Part 1: Overview
A great deal has changed since the July 1st 21st Century Cures patient access deadline, but before we talk about what's occurred and what's to come, let's start with a brief refresher on the Cures Act itself.
Patients and physicians alike shared numerous personal examples in several forums about frustrating experiences that included repeated medical tests and/or procedures to satisfy insurance requirements or simply to have access to the results. The Cures Act was signed in 2016 and included several provisions to improve patients' access to their own medical data, addressed specifically by section 4003 pertaining to interoperability. The rules impacted members enrolled in Medicare, Medicaid, CHIP or qualified health plans (QHPs) on the exchange.

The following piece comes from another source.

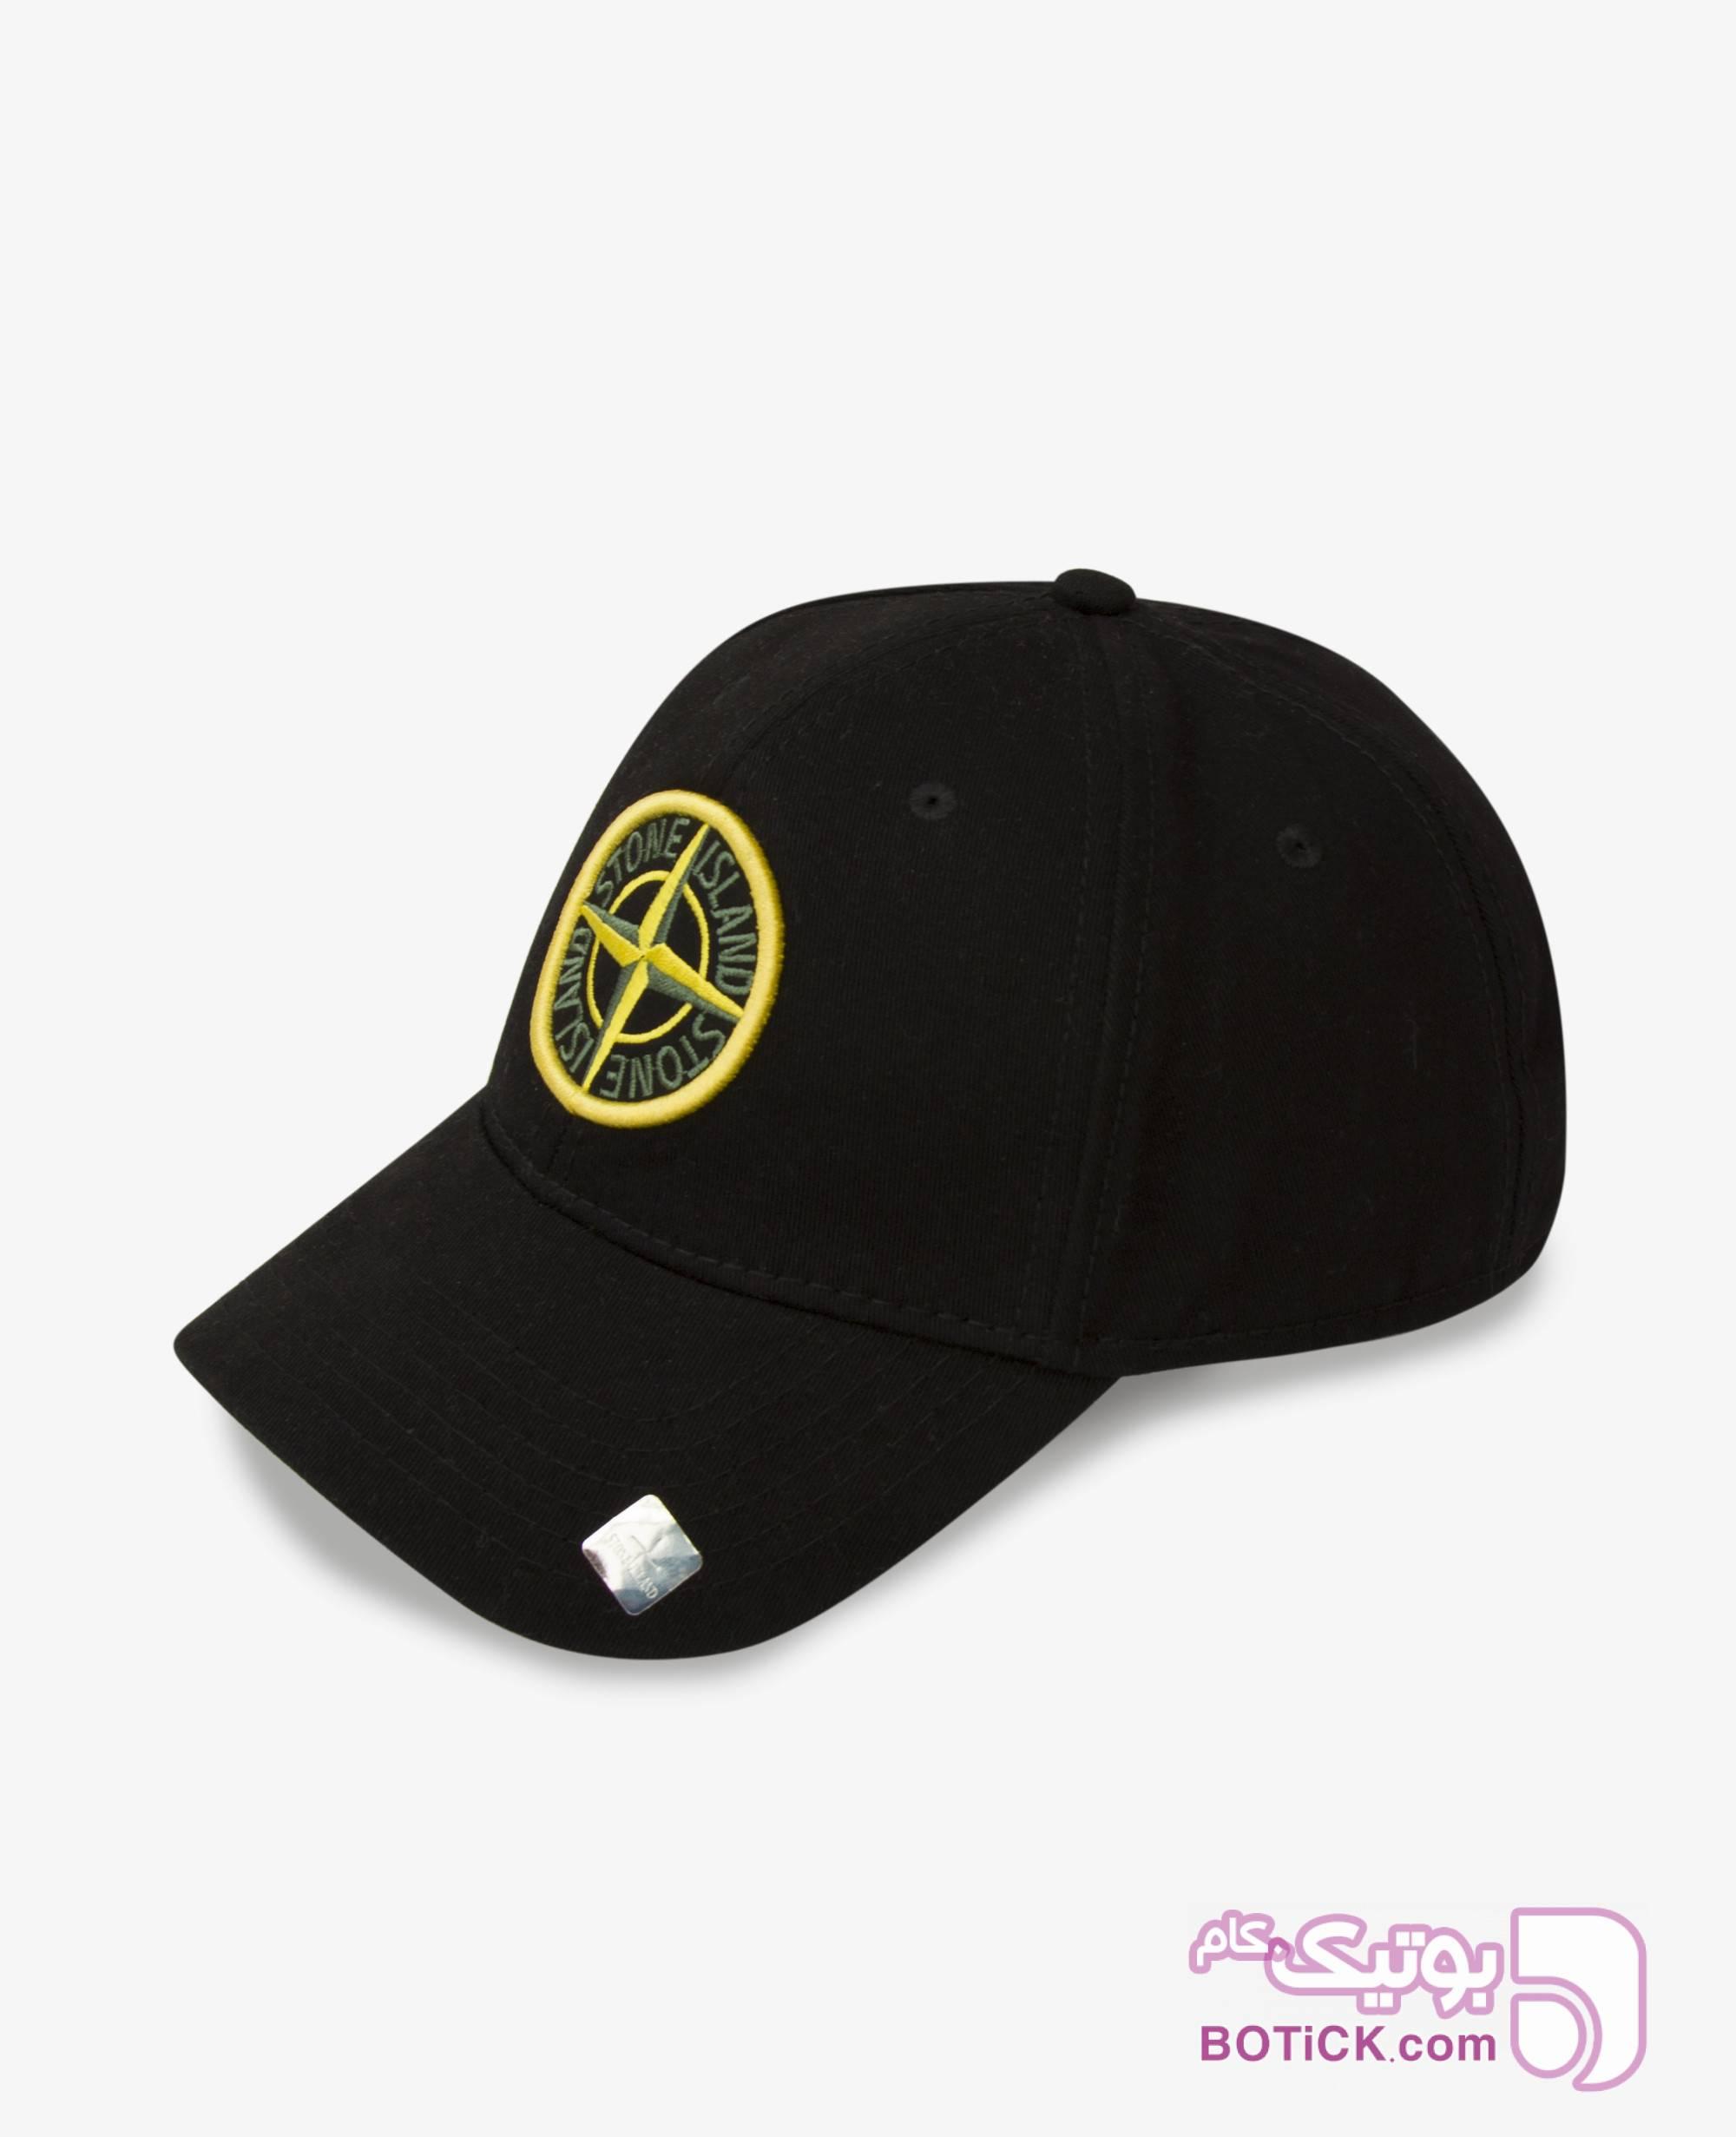 کلاه لبه گرد Stone Island کد 7754 مشکی کلاه و اسکارف

The Office of the National Coordinator for Health Information Technology (ONC) had been tasked with defining rules and standards for how the 21st Century Cares Act will operate. The ONC released their final rule in March of 2020, publishing approximately 60 days later in May, starting the clock on the implementation and enforcement of the interoperability rules.
One key aspect of the rule impacting payers was the need to make the healthcare data captured available to the members on demand through a third-party application chosen by the member. The data needed to be exchanged using a new code standard called the United States Core Data for Interoperability (USCDI), and it had to be used through an Application Programming Interface (API) using the HL7 Fast Healthcare Interoperability Resources (FHIR) format.
Payers needed to include both medical and clinical datasets based on their relationship with the member, beginning with data from as early as January 2016. Since the rules were announced, many payers have gone through the exercise of reading the new regulations and reviewing the new code sets and the exchange parameters that are required. Some have elected to purchase solutions available in the marketplace, while others have made internal investments and developed their own APIs.
Regardless of the path chosen, all payers with impacted memberships began the process of identifying and mapping their data to the new USCDI data standard. Originally, the Cures Act had expected live enforcement in January of 2020, but in light of the COVID-19 pandemic, the enforcement date was shifted to July 1st to allow more time for payers to meet the requirement.
The July 1st deadline involved four main components within the Cures Act with impacts for payers.
The first two were APIs: the Provider Directory API and the Patient Access API, both of which represent the largest technical challenge for payers. Next were a series of mandated documents or communications. Finally, there were business operational impacts required to be addressed.
The purpose of the Provider Directory API is to provide the public with access to current and accurate directory information. The availability of provider data through the API is intended to enable third-party applications to access the information they may need to help their users find providers as well as help other providers better coordinate care for their patients. Key elements required in the directory include (but are not limited to), the provider specialty, practice address, office hours, languages spoken, contact numbers, network participation and whether they're accepting new patients. If the API is provided and maintained by the payer, they must also expose any electronic endpoints for communication specifically as it relates to the new interoperability transactions.
Many payers have grappled with maintaining the timeliness and accuracy of their Provider Directory. Once the Provider Directory API is operational, it's incumbent on the payer to ensure that any new provider additions or changes to any of the required data elements be made within 30 days of the change. As with all technology, routine testing of the API needs to be conducted regularly to ensure compliance with the rule.
The Patient Access API is the main vehicle for a member to gain access to the clinical and claim data as well as information on formulary medications. The Cures Act requires the Patient Access API be made available to members with coverage through Medicaid, CHIP, Medicare Advantage and qualified health plans through the government's health exchange.
The spirit of the rule per the ONC is to enable this capability for all members. Each payer can choose if they want to extend the features of the API to their broader population of members, but they are not required to do so. The Patient Access API represents the gateway to interoperability for the payer. The API serves as the front line to validate the member, their data access request, and to allow the payer to securely communicate with the member via the selected third-party app.
Per the Cures Act, payers are required to provide all claims and clinical data within one day of having the information available in their systems. Once again, this includes all claims data with dates of service from January 1st, 2016 and onward, provided the member is active with the plan and enrolled in an eligible line of business during that time. The same holds true for care management data — it has to be mapped to USCDI and sent via the HL7 FHIR transaction through the API.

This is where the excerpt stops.